SUS and HES data is health data, and thus is to be treated with extra care and all personal information retained, disposed of and pseudonymised to ensure the greatest attention is given to i5 responsible controlling and processing of the same. Safeguards are in place at every level of SUS and HES data treatment in line with laws, rules, regulations, and legislation relevant to i5’s activities. Policies such as incident response, security escalation, breach notification, and the like are regularly reviewed and updated to conform with Data Protection Laws and i5’s own efforts to ensure the HES data it handles is protected with best practice corporate governance.


The SUS and HES data i5 collects and applies analytics to is accessed by Customers only through this website, and is only used for the purpose of providing those services for which the Customer has engaged i5. These services include presenting the website and its contents to You, maintaining and improving i5 products and services, and assisting with statistical analysis to benefit health and social care decisions. We provide reports to Customers (“Client Reports”), and these Client Reports are aggregate statistical reports provided to organisations that relate to overall service delivery information, trends within and across organisations.

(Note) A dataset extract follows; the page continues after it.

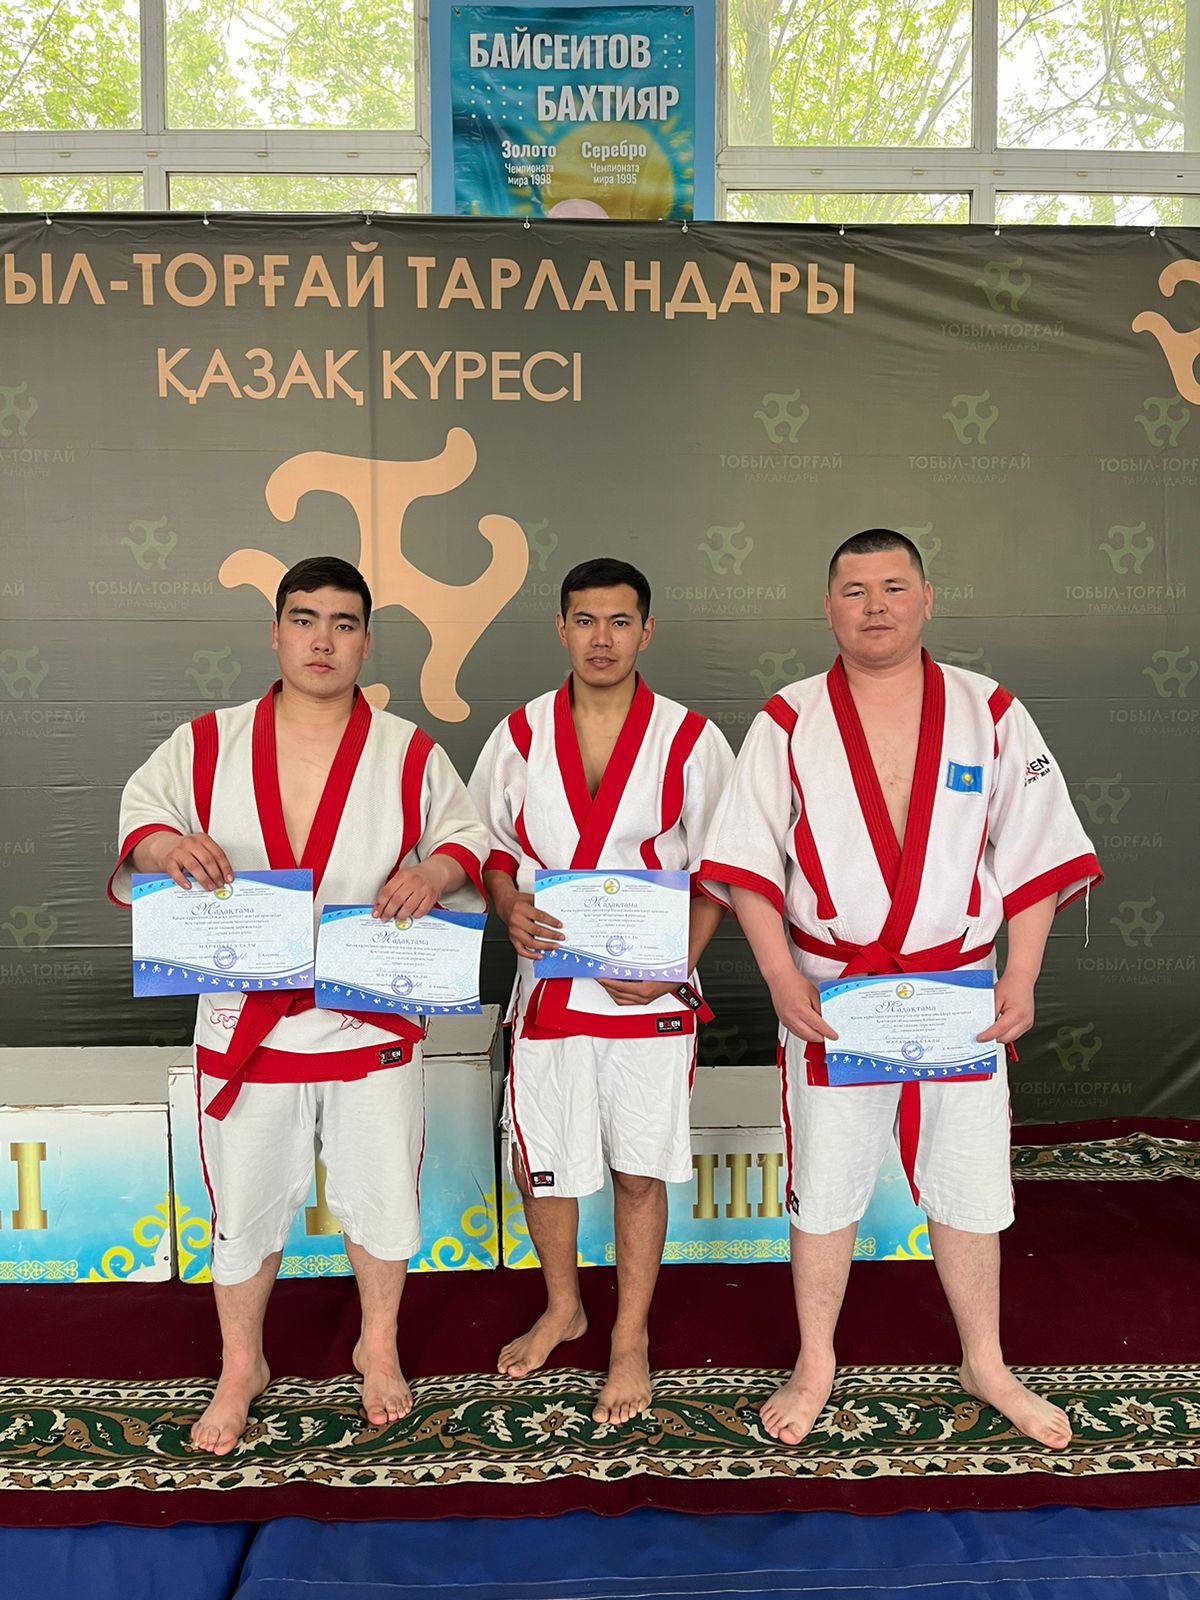 Спасатели Костанайской области стали призерами в соревнованиях по  «Қазақша күрес»

i5 maintains a rolling seven (7) full years of data and the oldest year is destroyed on receipt of the latest year. At the end of a retention period, i5 removes expired data, and can provide appropriate destruction certificates. Data is retained only for so long as necessary for the purposes set out herein and as agreed with Customers, and complies with data deletion requests.


i5 maintains a robust cache of safeguards to protect SUS and HES data from loss, interference, misuse, unauthorized access, disclosure, alteration, or destruction. We also maintain regularly updated procedures to help ensure that the analytics of SUS and HES data are completely reliable for i5 Customers’ intended use. i5 conducts automated assessments to operationalize privacy by design, and regularly reviews its Data Privacy Impact Assessments to self-evaluate, always improving where possible the security and protection of the data We process, to reflect best practice – with respect to every aspect of SUS and HES data transfers, contracting, risk control, and complying with Article 35 of the GDPR and Data Protection Laws generally.


Customers may contact i5 by following the instructions below in the “Contact Information” section to request deletion of data, or to withdraw consent to processing, in accordance with applicable Data Protection Law. We might be unable to comply with such a request where doing so would place us in breach of obligations under applicable rules, regulation, codes of practice, or Data Protection Law. In the event correction of HES data is requested, contact must be made with NHS Digital. As the SUS and HES data i5 holds is pseudonymised and not individually identifiable, i5 is not able to process requests to access individual data or transfer it (data portability). A subject access request (SAR) and issues related to access, correction, erasure, and restriction can be raised directly with NHS Digital.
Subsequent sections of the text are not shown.